**What needs to be done:** Repeat the lines of the data exactly and exclude any picture among them.

**The data:**
━━━━━━━━━━

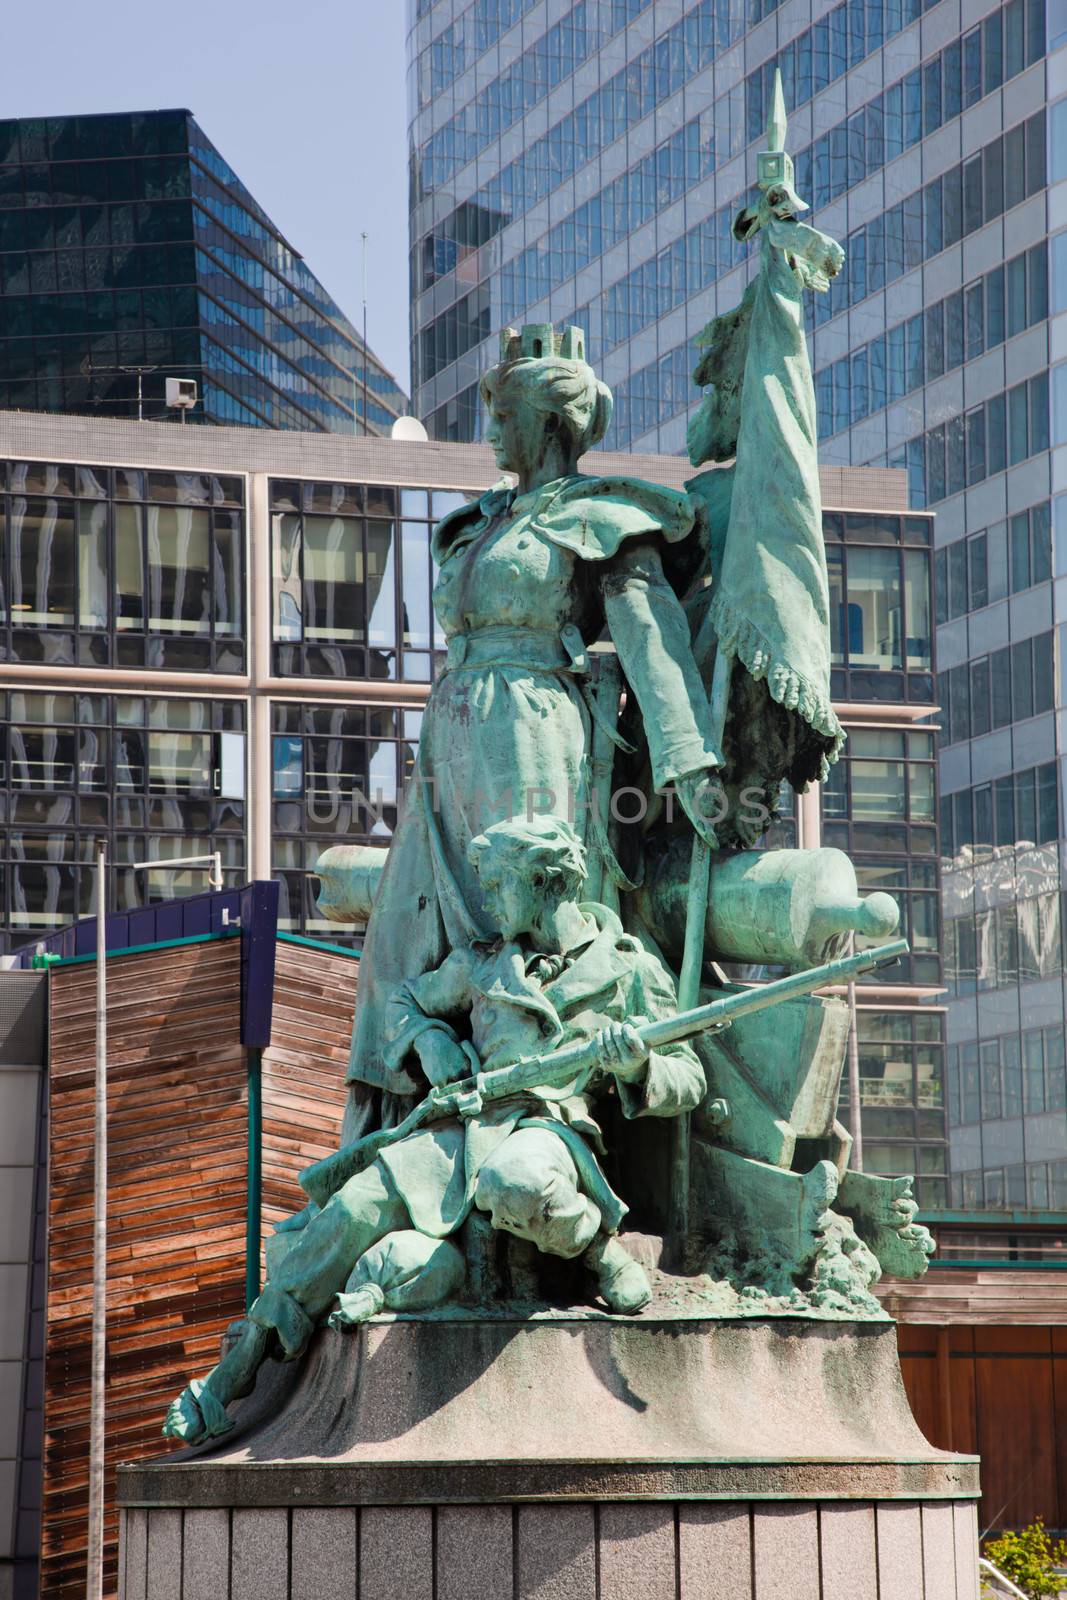 Statue in La Defense, the financial district in Paris, France.
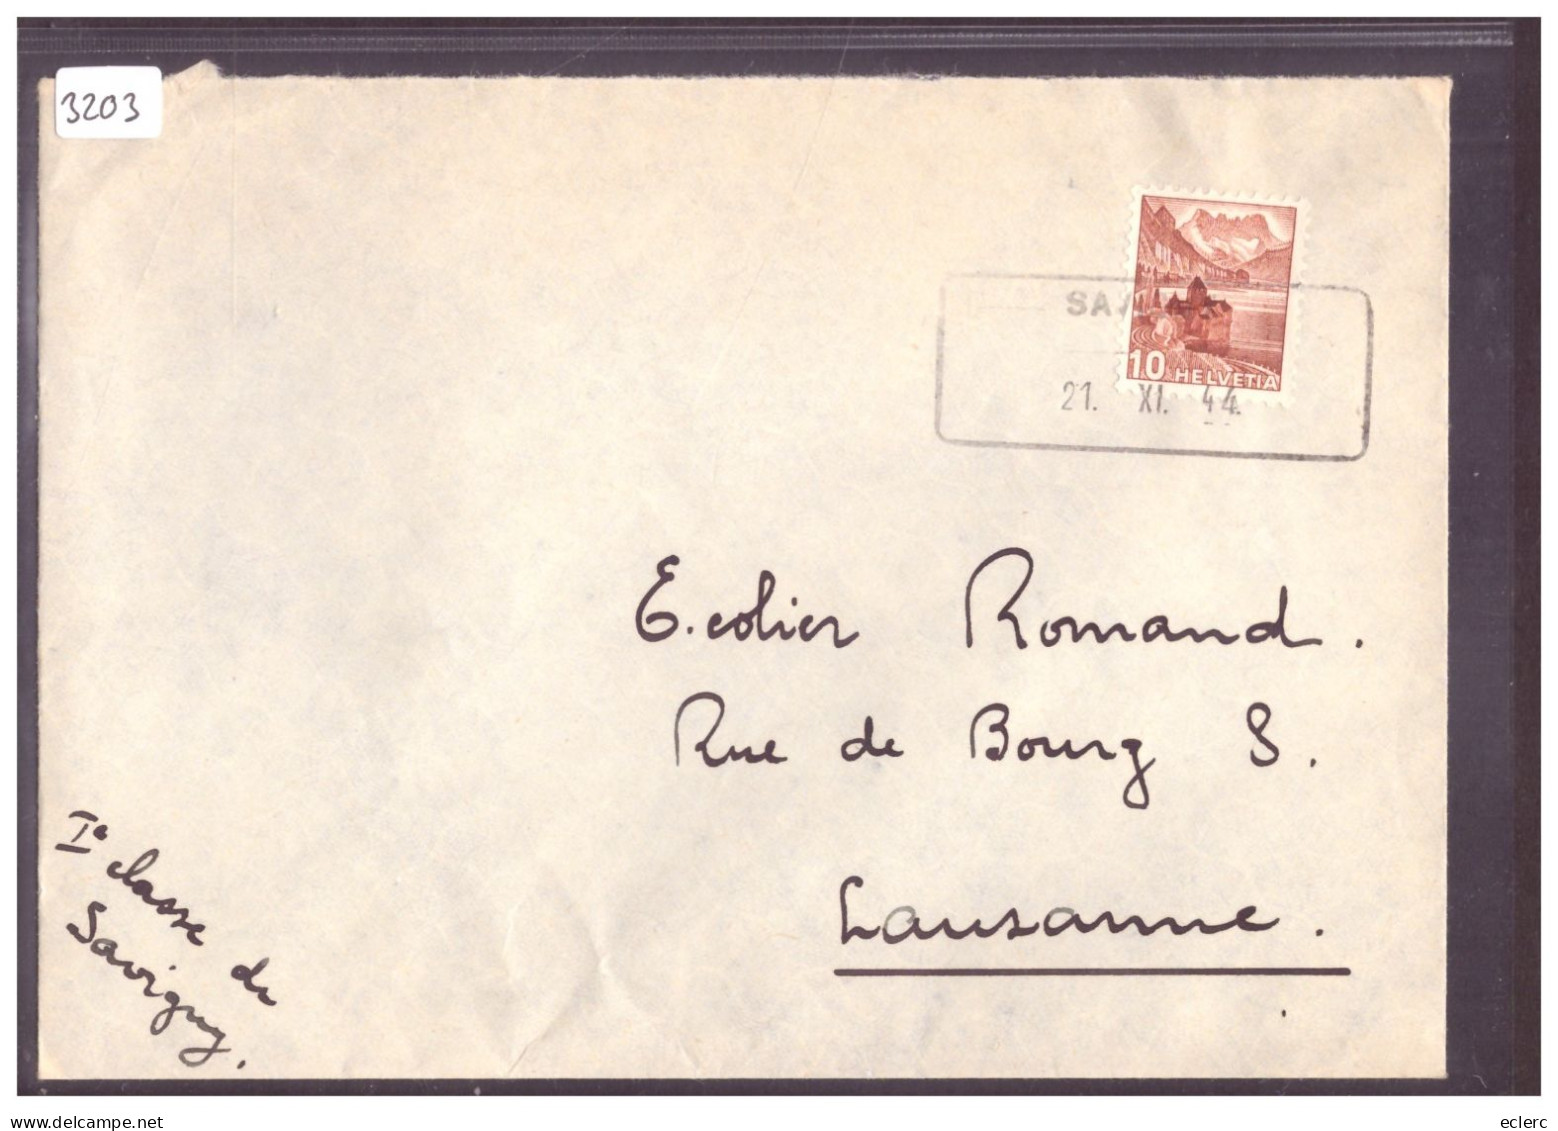 CACHET DE REMPLACEMENT " SAVIGNY 21.XI.44 " - AUSHILFSTEMPEL - - Postmark Collection
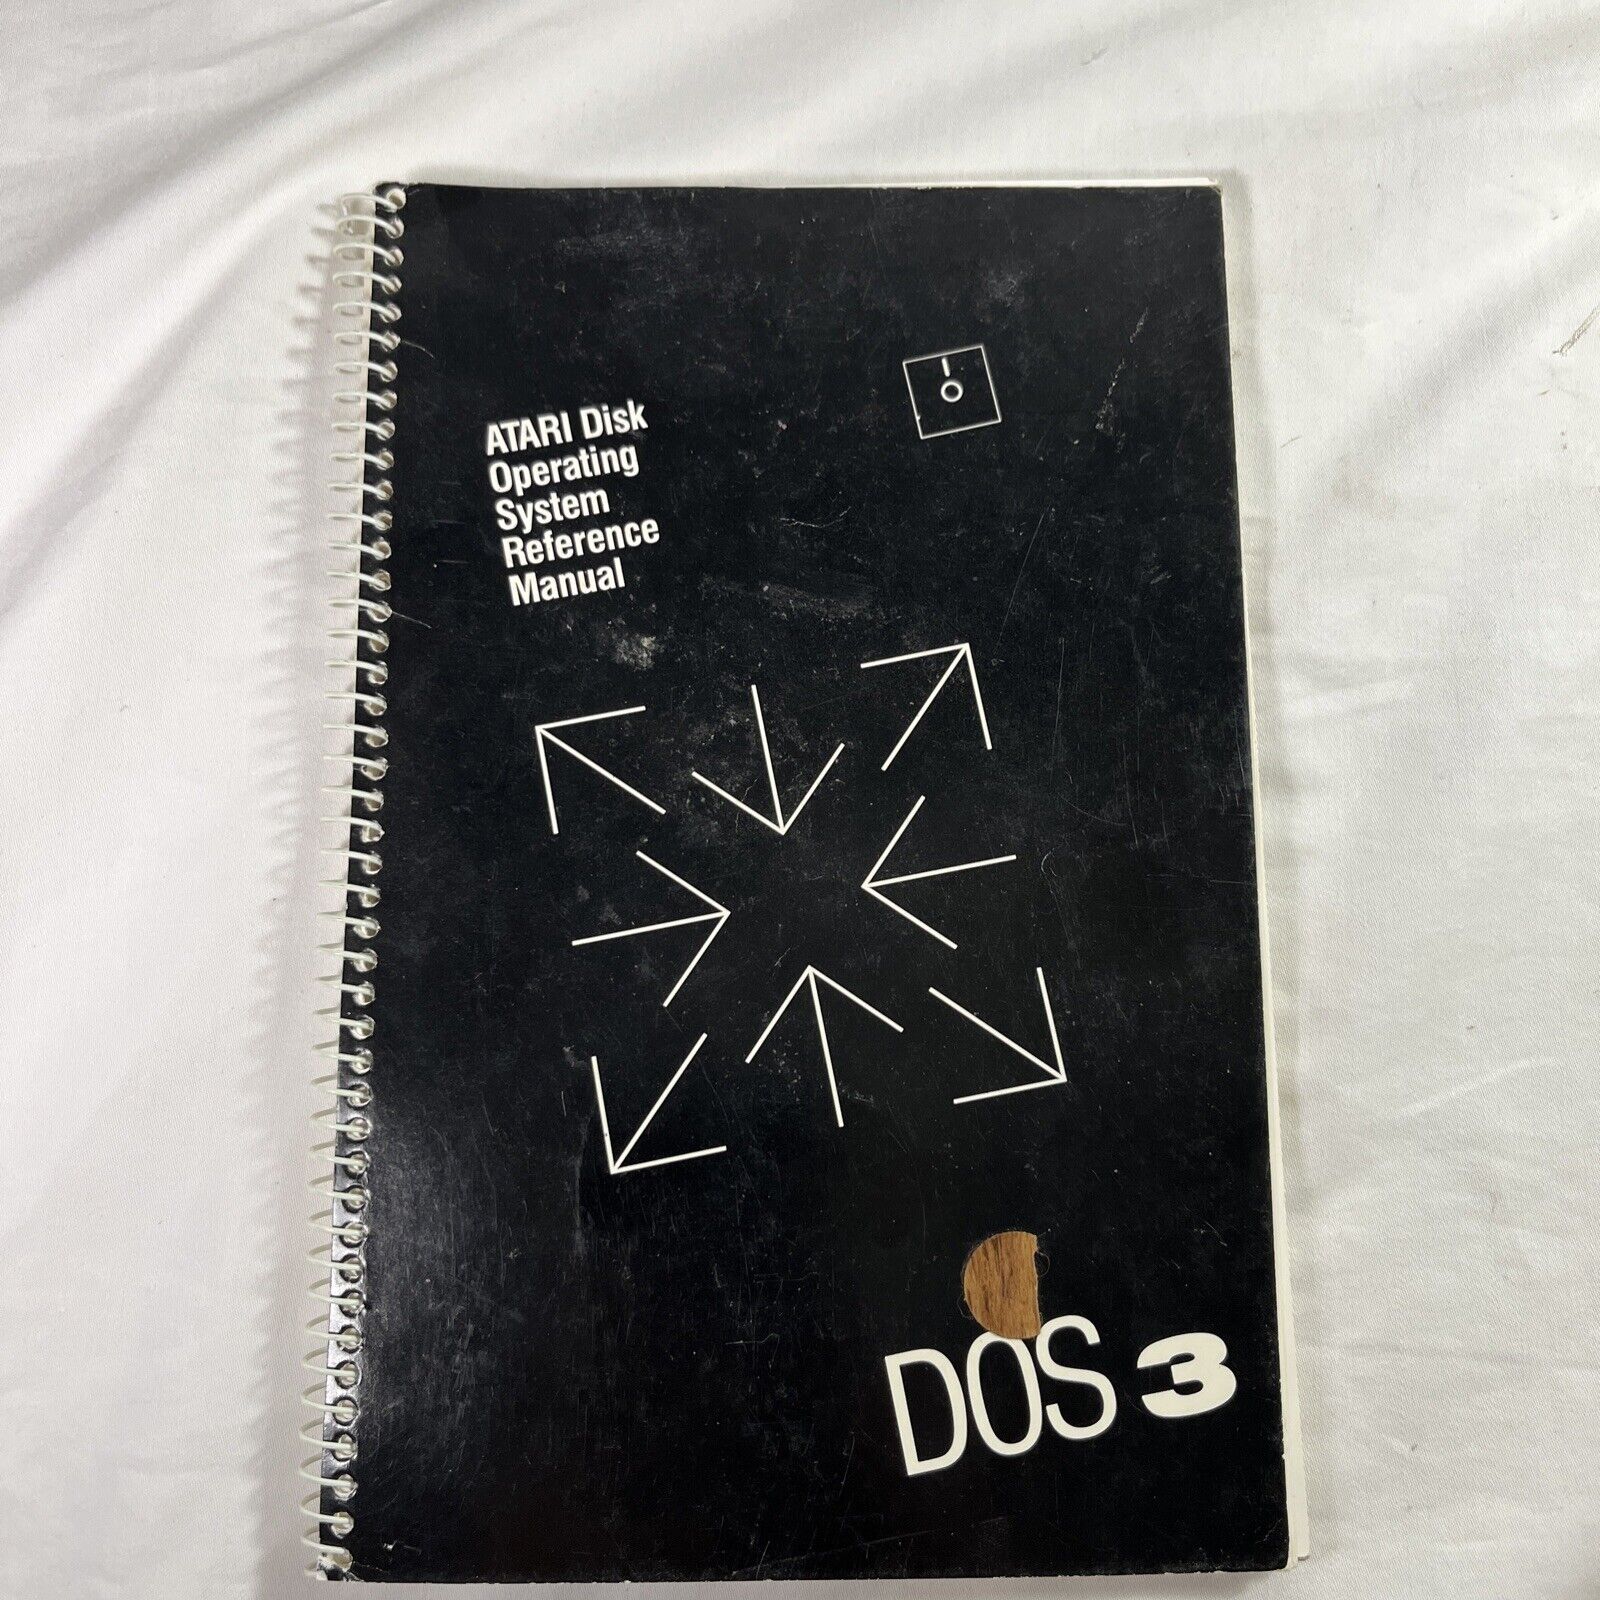 Vtg 1983 ATARI Disk Operating System III Reference Manual DOS 3 Spiral Bound
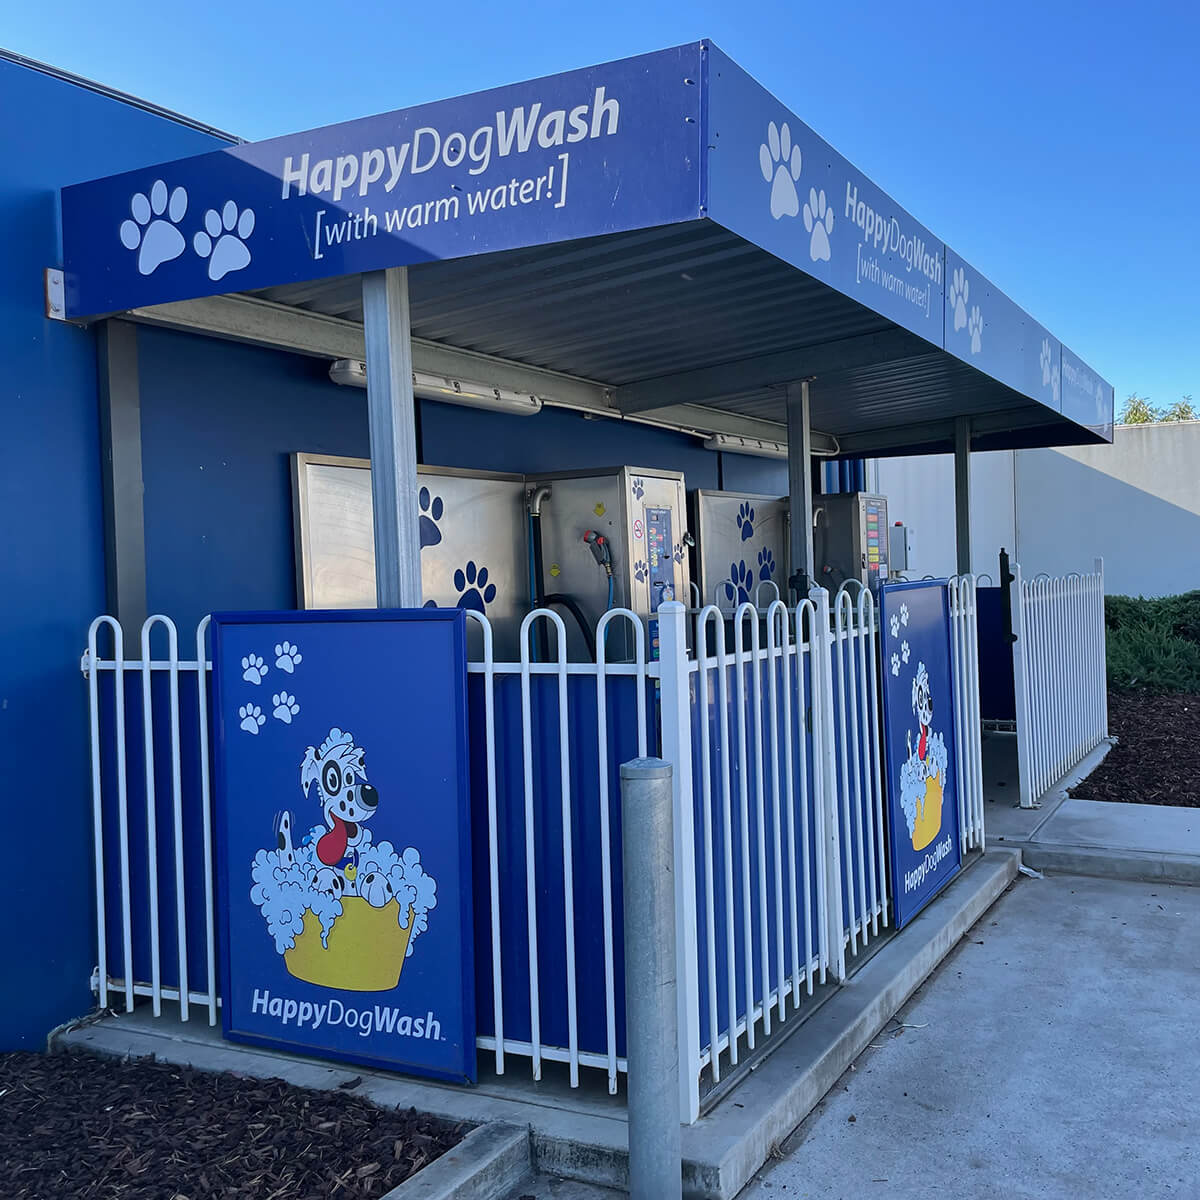 HappyDogWash - a convenient and fast alternative way to wash your best friend

━━━━━━━━━━

**Exercise answer:**
 Statue in La Defense, the financial district in Paris, France.
 CACHET DE REMPLACEMENT " SAVIGNY 21.XI.44 " - AUSHILFSTEMPEL - - Postmark Collection
 Vtg 1983 ATARI Disk Operating System III Reference Manual DOS 3 Spiral Bound
 HappyDogWash - a convenient and fast alternative way to wash your best friend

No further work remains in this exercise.